A FLORESTA E SEUS ENCANTOS









Numa pequena cidade, cercada de florestas morava um menino que, carinhosamente o chamavam de PEDRINHO, uma criança de 10 anos e peralta como qualquer outra de sua idade. Seus pais chamavam-se Emanuel e Dona Rita, também tinha uma pequena irmã, sofrida pela vida dura e era chamava de Rosinha.
Sempre que PEDRINHO cometia qualquer arte sua mãe ameaçava contar para o pai, quando chegasse do trabalho. Como qualquer criança levada todo dia apresentava uma nova ladainha, para perturbar o cansado pai.
Com bastante saúde ele jogava bola e, na maioria das vezes quebrava vidraças de janelas dos vizinhos e, devido ao cansaço do trabalho, sem muita paciência o enérgico pai Emanuel pegava o pobre menino e batia muito, apanhava de dar dó, mas deixando de explicar o porquê ele apanhava e, assim ia passando a semana de segunda a domingo. O local não apresentava novidade criativa, por ser cercada de gigantescas arvores que escondiam muitos mistérios, contados pelos mais antigos.
Sua mãe, que ficava arrependida de ter contado as travessuras cometidas durante o dia nada podia fazer contra, pois alguém teria de pagar pelo vidro quebrado e era Emanuel, responsável pela educação de torná-lo social. Quando ela achava que as chibatadas eram demais, mesmo sofrendo conseqüências intercedia a favor da criança.
A irmã ROSA, de apenas 08 anos sofria com aquela agonia presente e, sempre ia testemunhando tal judiação com seu único irmão, apanhando como se já fosse adulto.
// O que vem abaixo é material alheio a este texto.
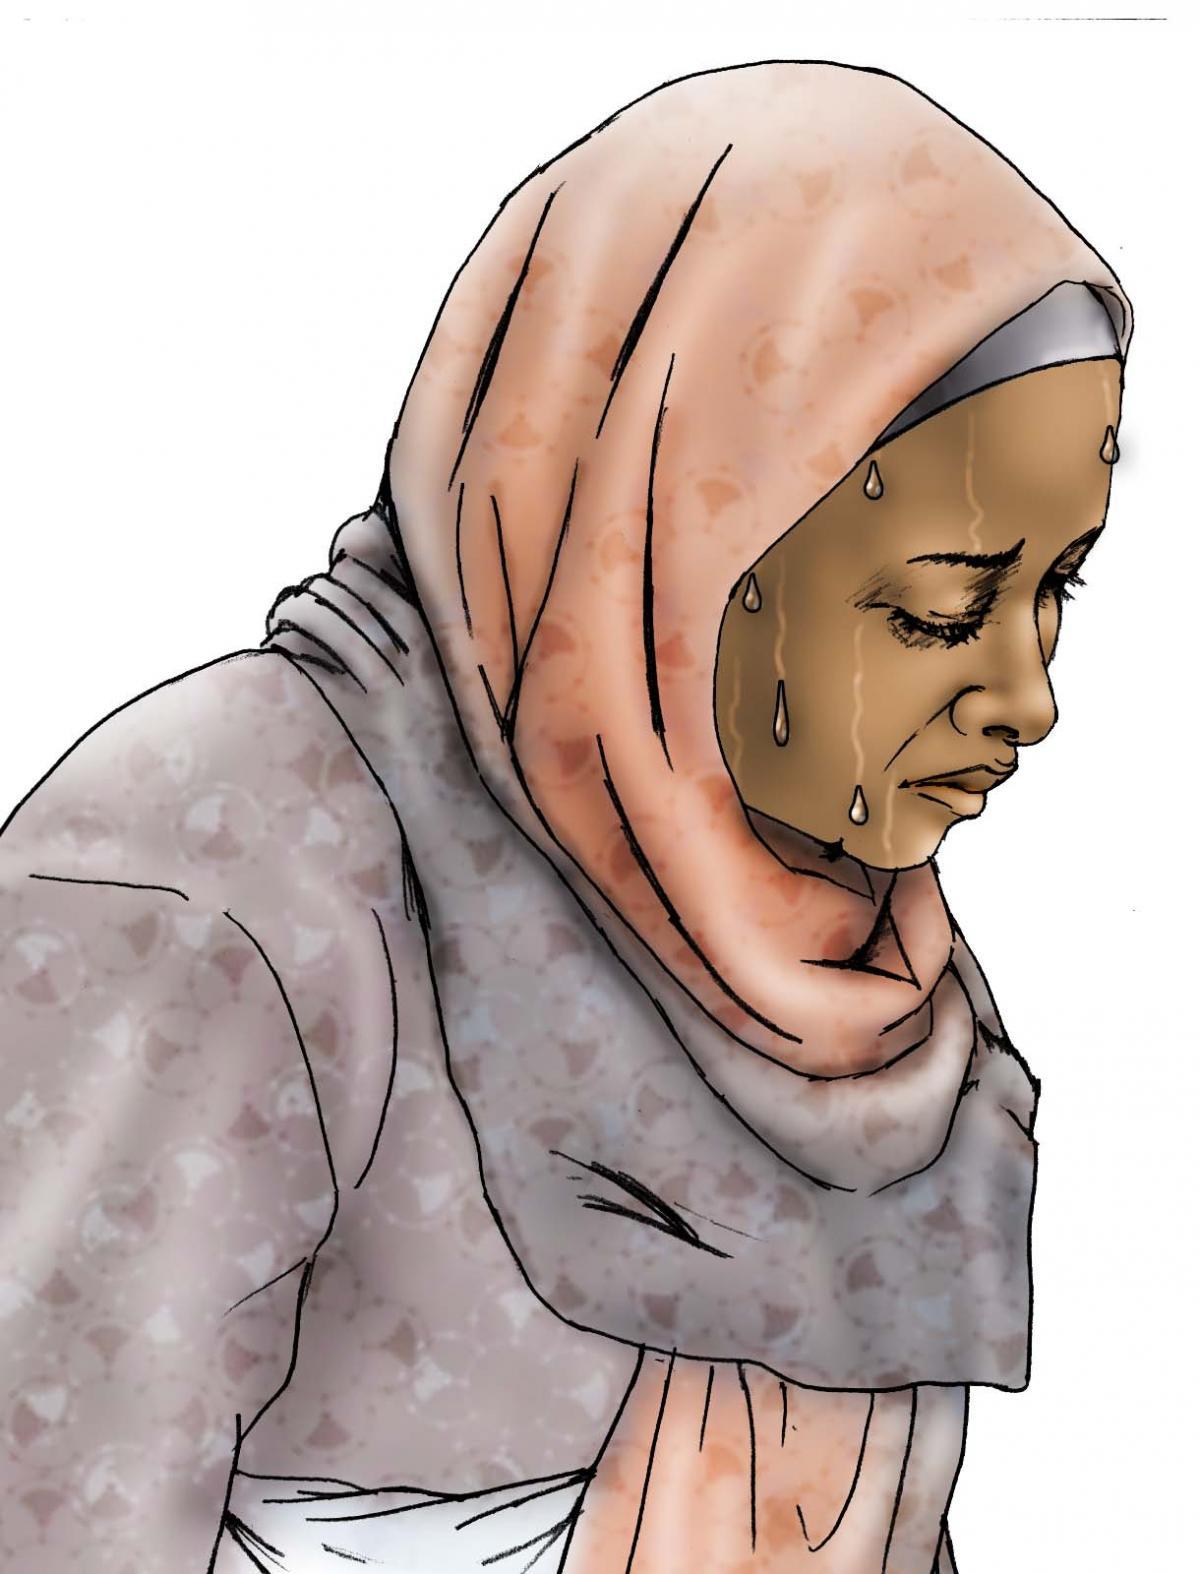 Maternal health - When to visit the health clinic - pregnancy - 11 - Kenya Dadaab

Ele tinha consciência de que o pai tentava ensiná-lo da maneira que aprendera no passado e elas sofriam junto com ele, mas um dia daria um basta e tudo mudaria para melhor.
Nesse dia prometeu a si mesmo, que as surras iriam parar no dia que fosse embora, fugiria para bem longe daquele lugar e voltaria com uma formação profissional para buscá-los. Mas, ela nem sua mãe acreditaram, pois ele não tinha para onde ir. Logo a este fato não deram importância, como não comentaram com Emanuel que, ao cair da noite chegou.
Passando um mês, quando todos já haviam esquecido da promessa ele esperou e, enquanto o pai se aprontava para trabalhar ele, silenciosamente fingia que dormia na cama ao lado da irmã. Assim que ouviu o bater da porta e, após um tempo levantou-se, já com a mochila preparada deu um beijo de despedida na irmã.
Andando cautelosamente, foi ao quarto da mãe fazer o mesmo, sem que elas acordassem e saiu lentamente, abrindo a porta da cozinha saiu pelos fundos, na direção do mundo desconhecido que encontraria na floresta. Mesmo com medo se foi, desaparecendo entre os arbustos e, logo vieram as grandes árvores que cercam o lugarejo.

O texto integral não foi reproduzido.